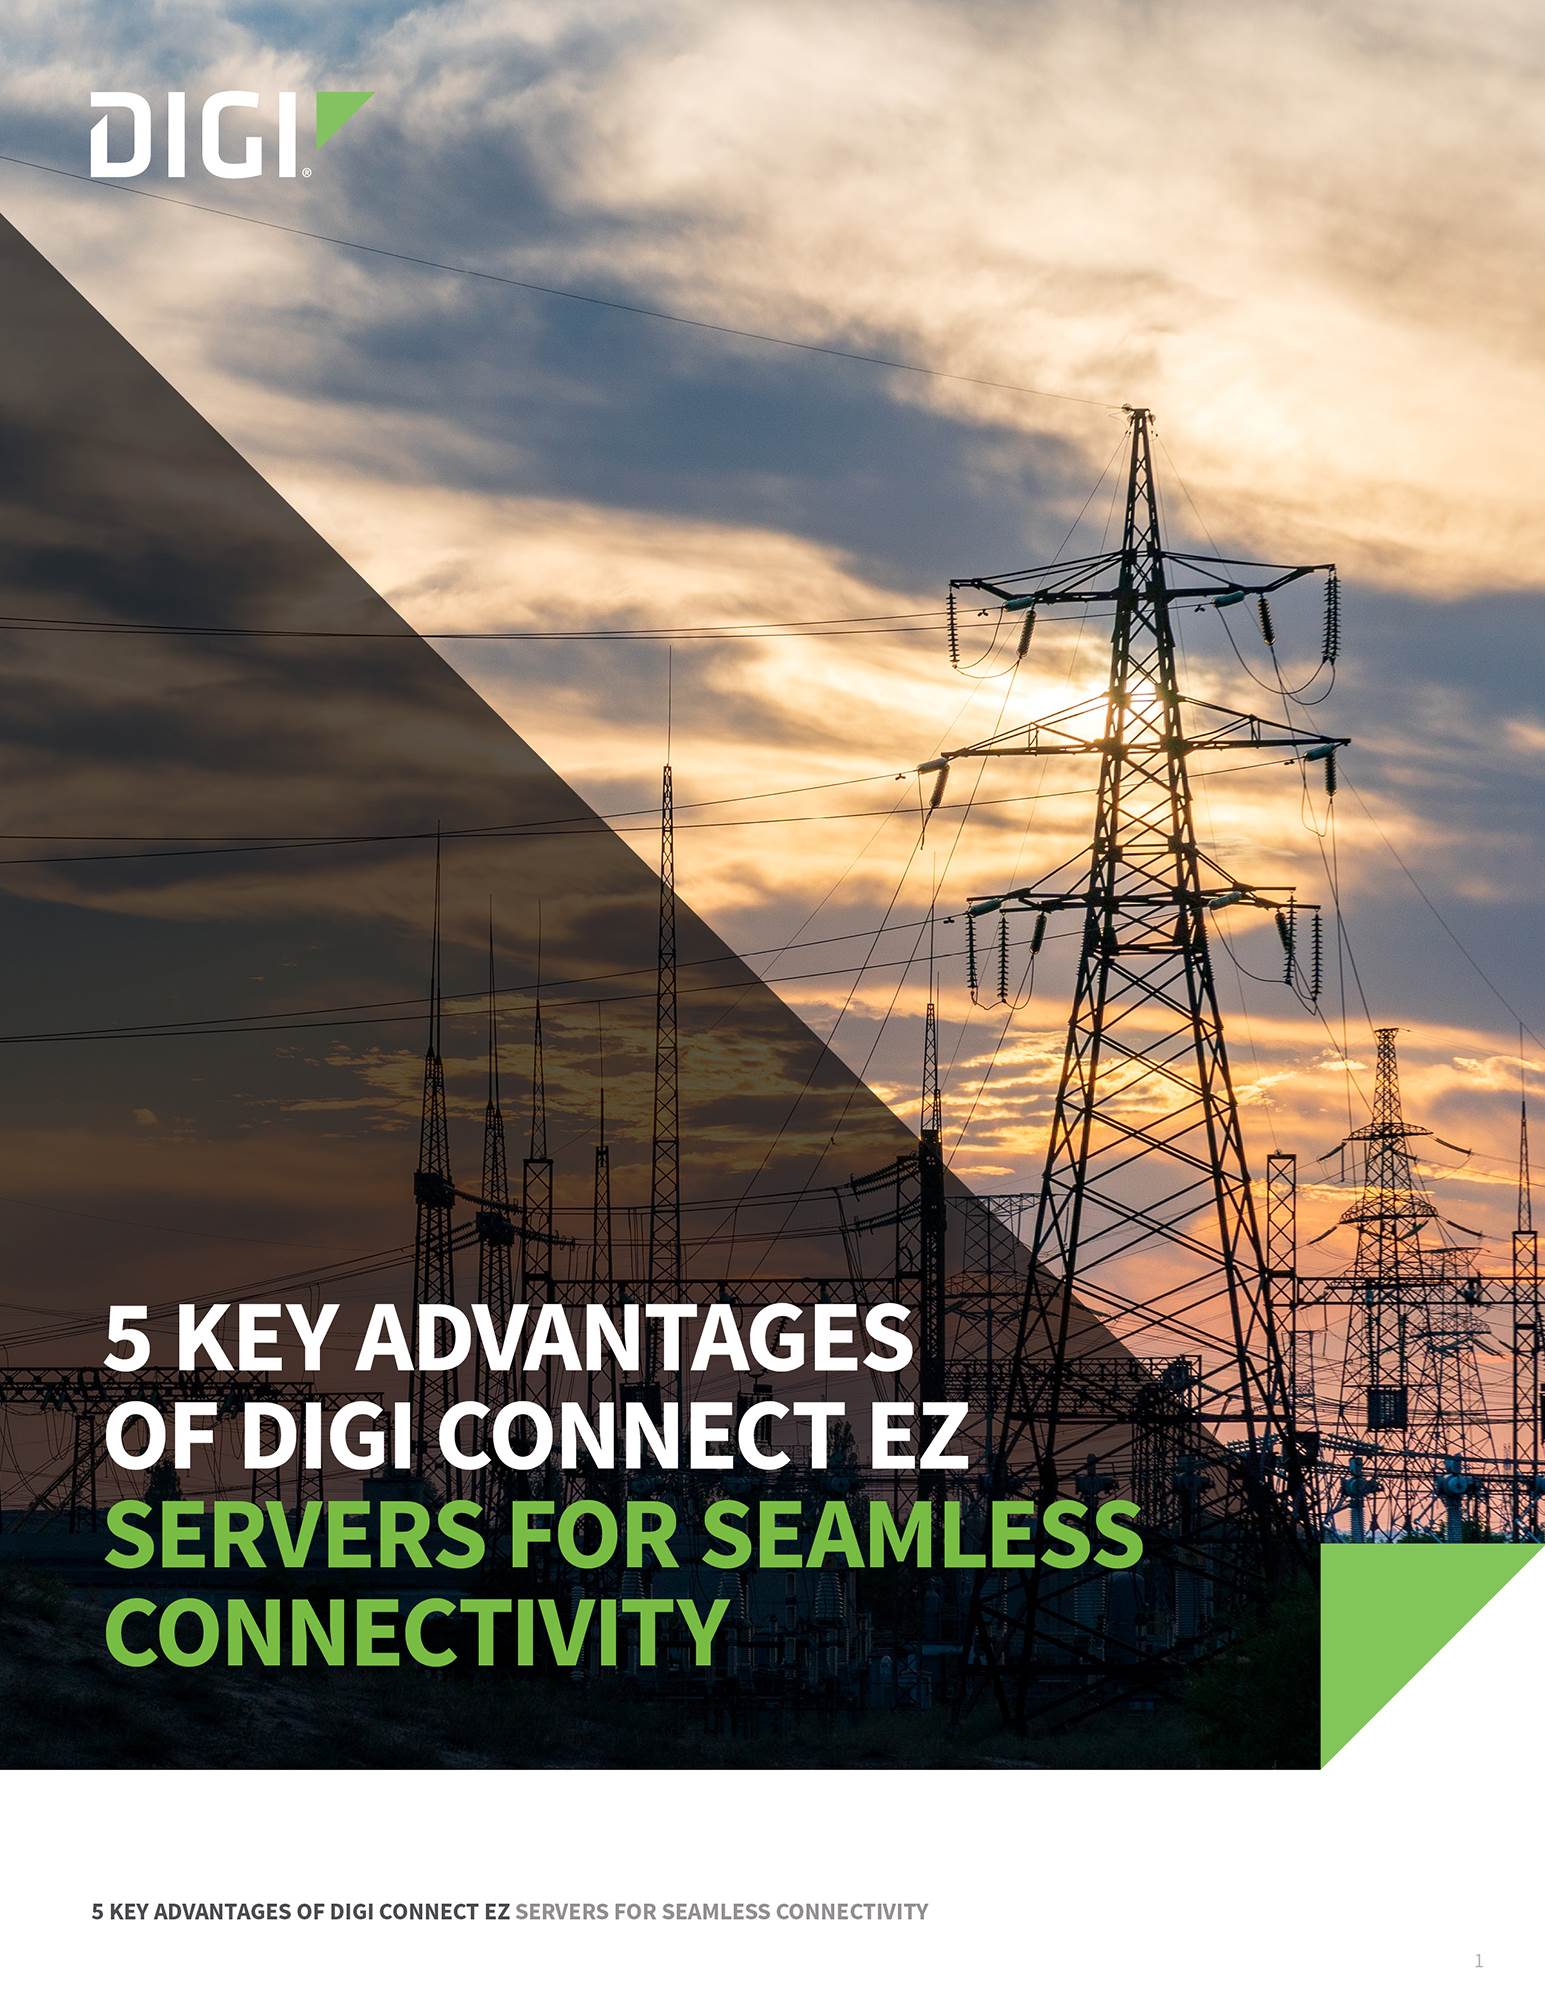 Digi Connect EZ 服务器实现无缝连接的 5 大优势
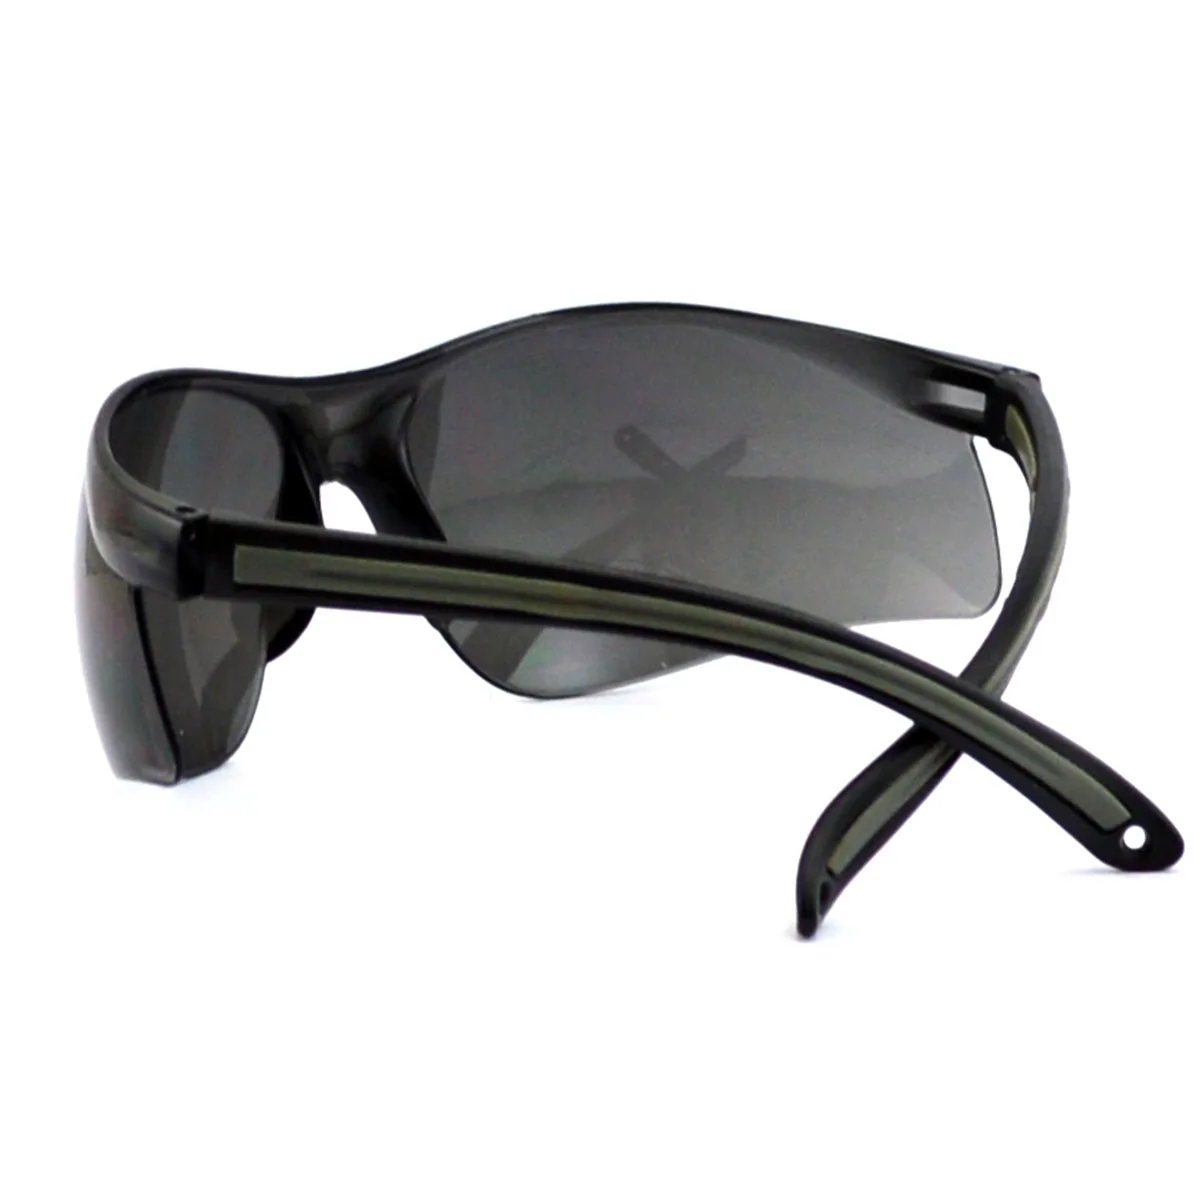 
Industrial Welding z87.1 safety Glasses Sunglasses Block Strong Light 
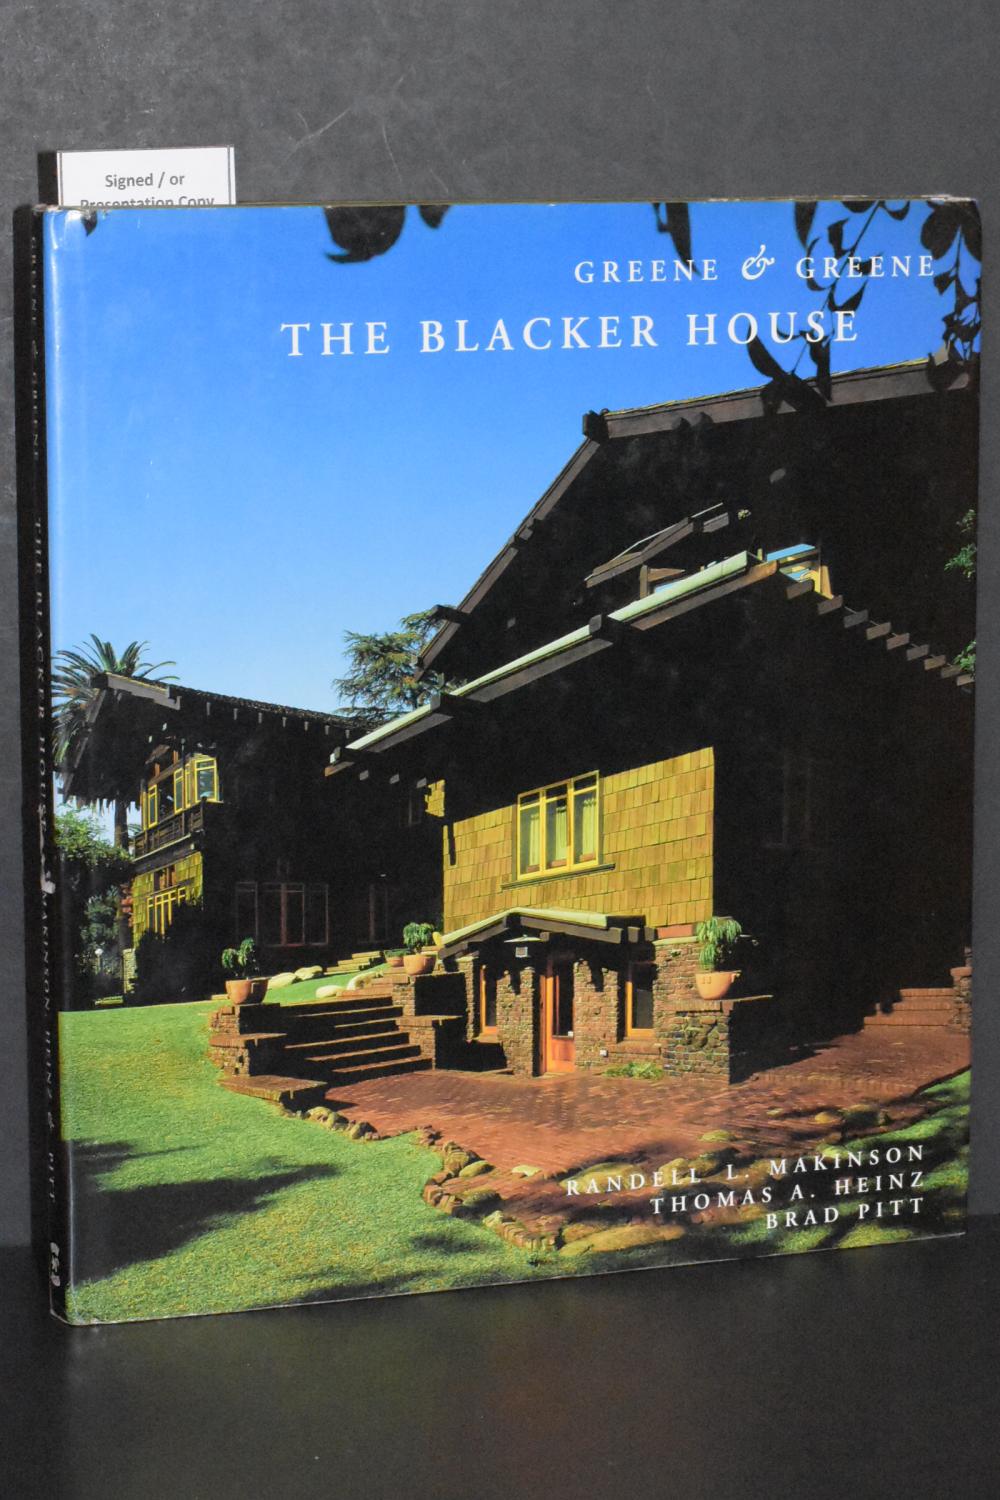 Greene & Greene; The Blacker House - Randell L. Makinson, Thomas A. Heinz, Brad Pitt (ALL AUTHORS SIGNED)
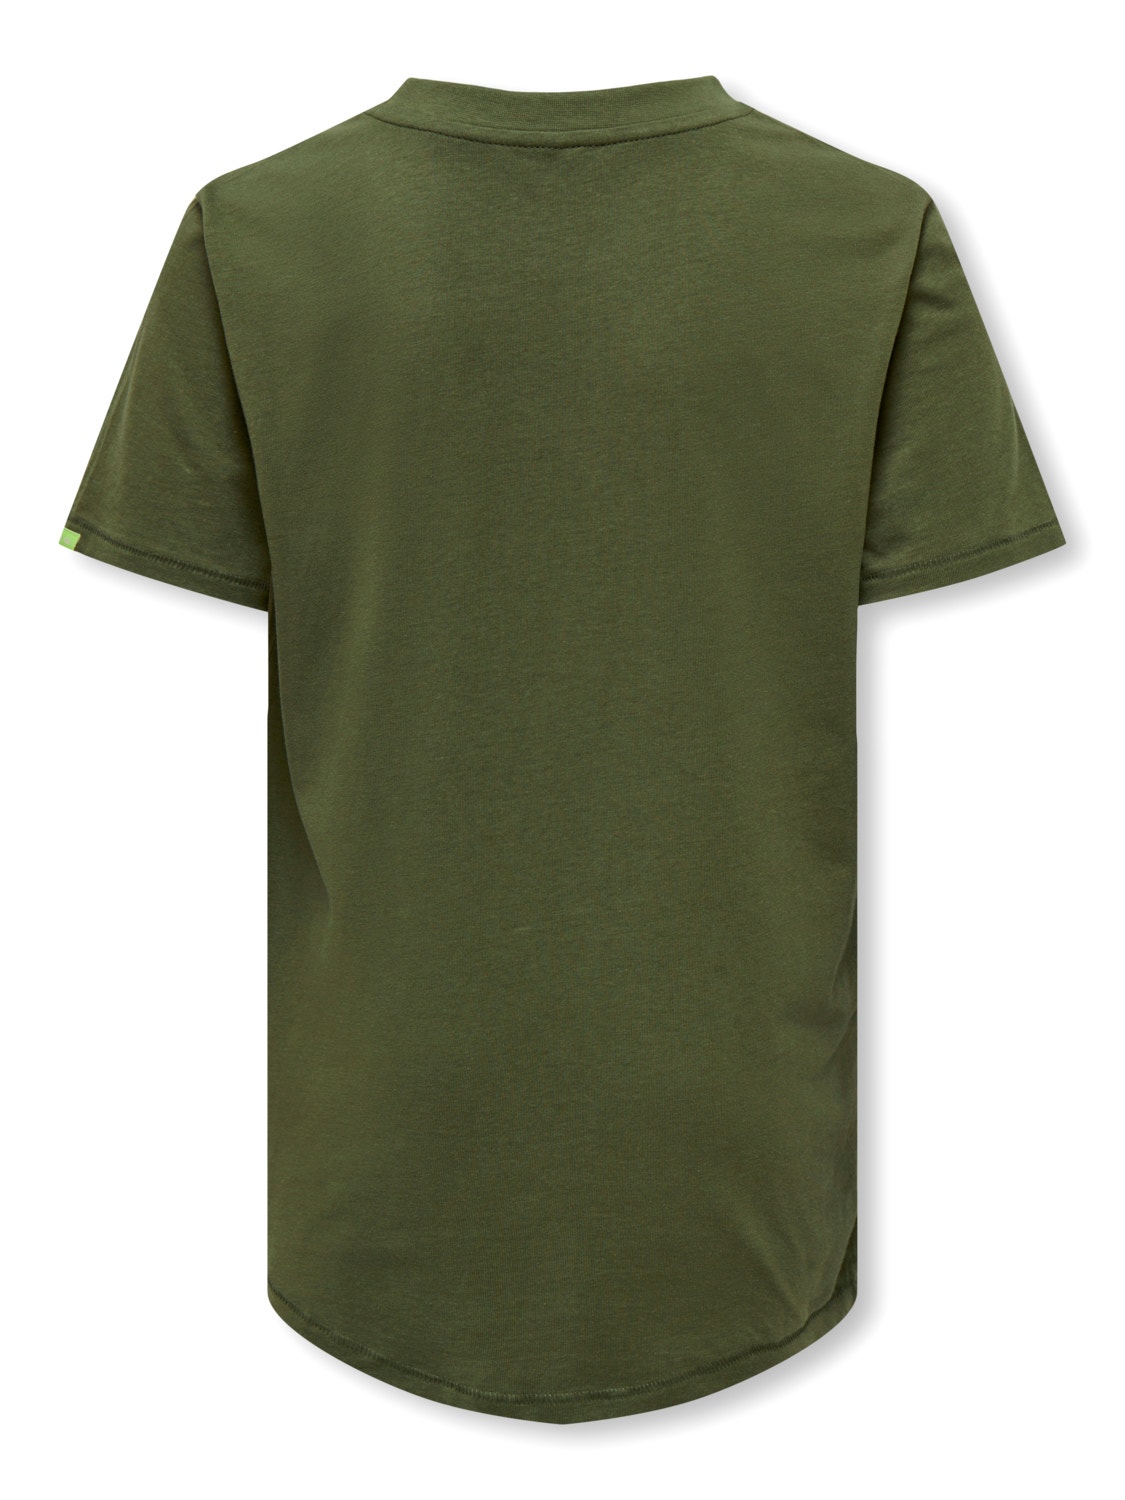 ONLY Camisetas Corte regular Cuello redondo -Winter Moss - 15303789

### TASK OBJECTIVE
Retype, word for word, the line containing "Industrial Welding z87.1" and each line after it through the end of the data, leaving any picture out.

### RESPONSE AREA
Industrial Welding z87.1 safety Glasses Sunglasses Block Strong Light 
 Greene & Greene; The Blacker House - Randell L. Makinson, Thomas A. Heinz, Brad Pitt (ALL AUTHORS SIGNED)
 ONLY Camisetas Corte regular Cuello redondo -Winter Moss - 15303789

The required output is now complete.